Human-Robot Dialogue System
Human-Robot Dialogue System
This voice-based conversation system is a state-of-the-art system that functions by closely integrating several technologies based around different elements of user feedback such as refinement/reinforcement of users’ speech input (audio enhancement), speech and intent recognition (ASR/NLU), establishment of conversation for achieving the input goal (DM), response generation (NLG), and text-to-speech (TTS).
In particular, the conversation system in robots is an important method through which a robot can interact naturally with users using its own unique persona. As such, we at Robotics LAB are focusing on researching speech preprocessing that can reliably recognize a user’s input in any environment, broad conversation processing to respond to various user input, and text-to-speech technology that is able to express a robot’s character.
[Structure of the Voice-Based Conversation System]
1. Technologies Related to Speech Preprocessing via Deep Learning Technology
At Robotics LAB, we are carrying out research in various fields such as direction estimation, noise cancellation, etc. to ensure seamless interactions between robots and humans in various real-life environments.
Meaningful traits can be extracted, compared, and predicted from sounds obtained by a robot to obtain results according to the features of each model, using CNN, RNN and attention-based models to learn and make inferences. Moreover, in order to respond to a wide range of service environments, acoustic data augmentation such as random noises, delays, reverberation, etc. is being researched.
Acoustic Echo Cancellation & Noise Reduction model
This feature eliminates echos that are detectable by robots as well as noise that is not detected but can be predicted by the robots depending on the service environment. To simultaneously increase the sound quality of speech data and the recognition rate of the recognition model, we are researching PESQ, SI-SNR, WER, Accuracy, etc. to satisfy various indicators.
[AEC & NR Model Performance]
Speech Localization and Detection model
This feature serves to verify the location of the speaker or any sounds not detected by the robot’s camera or sensor. The front/back/left/right (Azimuth) and up/down (Elevation) direction information and speech location probability is calculated in real-time using multi-channel mics.
Case 1) Speech is made from the right of the robot
Case 2) Speech is made in front of the robot
Multi-modal research & Edge computing development
To ensure that the robot conversation service runs seamlessly even in severely noisy environments, visual data is used along with speech data to detect the speech period of the speaker. Technologies relating to visual and audio speech preprocessing such as noise speech improvement, etc. are being developed, and research for optimizing real-time operation is being conducted using various neural network accelerators to operate deep-learning models in robots.

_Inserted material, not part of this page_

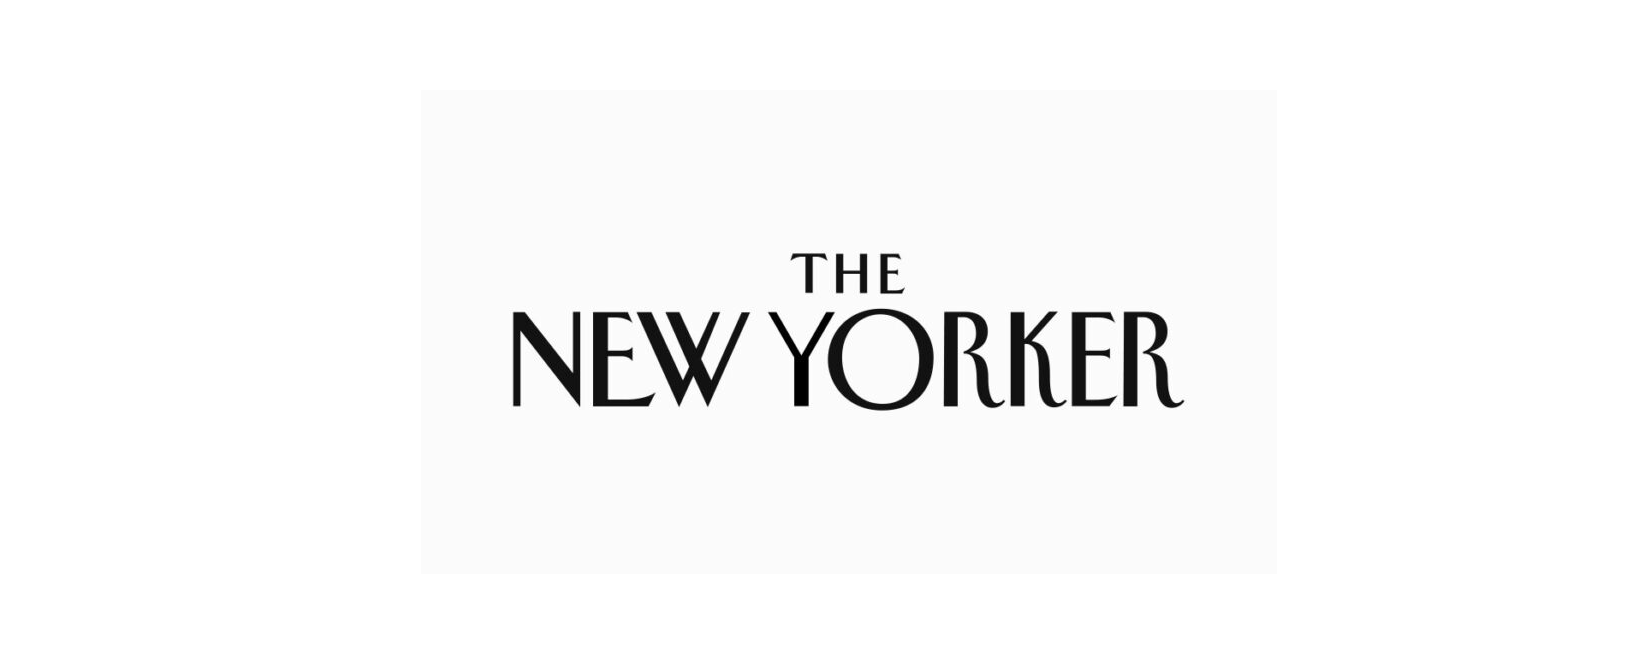 The New Yorker Discount Code 2022

2. Speech Conversation System
The user speech input is generally analyzed as Intent and Entity through the Natural Language Understanding (NLU) engine. However, sometimes inputs are delivered without certain necessary situational information that is not expressed through speech, or the inputs are delivered in an unclear format due to the user’s speaking habits.
Robotics LAB converts this user input into task-oriented Intent and Entity to create commands that are executable by the robot by improving the entity recognition of the NLU module and utilizing the Dialog Manager. The completed user input provides the user with the necessary information through Natural Language Generation (NLG) and text-to-speech (TTS). A robot chatbot system that utilizes external platforms such as KakaoTalk is also being developed, along with a fun and easy-to-use dialog system for various platforms.
[Speech Conversation System Workflow]
3. Text-to-Speech (TTS)
Text-to-Speech (TTS) is a technology that analyzes text to generate speech similar to that of a human. At Robotics LAB, the input text is broken down into phonemes, after which the sentences are analyzed in a way that considers pronunciation, intonation, etc. (text analysis). The speaker’s speaking style (pitch, duration, tone, etc.) is then learned via the analyzed sentence. Transformers and other modules consisting of Seq2Seq (Sequence-to-Sequence) and Attention are used to predict the spectrogram (Acoustic Model).
Then, speech data (Neural Vocoder) based on this is generated through the Vocoder. With this technology, dynamic TTS that operates through the expression of emotion can be implemented for robots, providing a fresh and enjoyable experience for customers.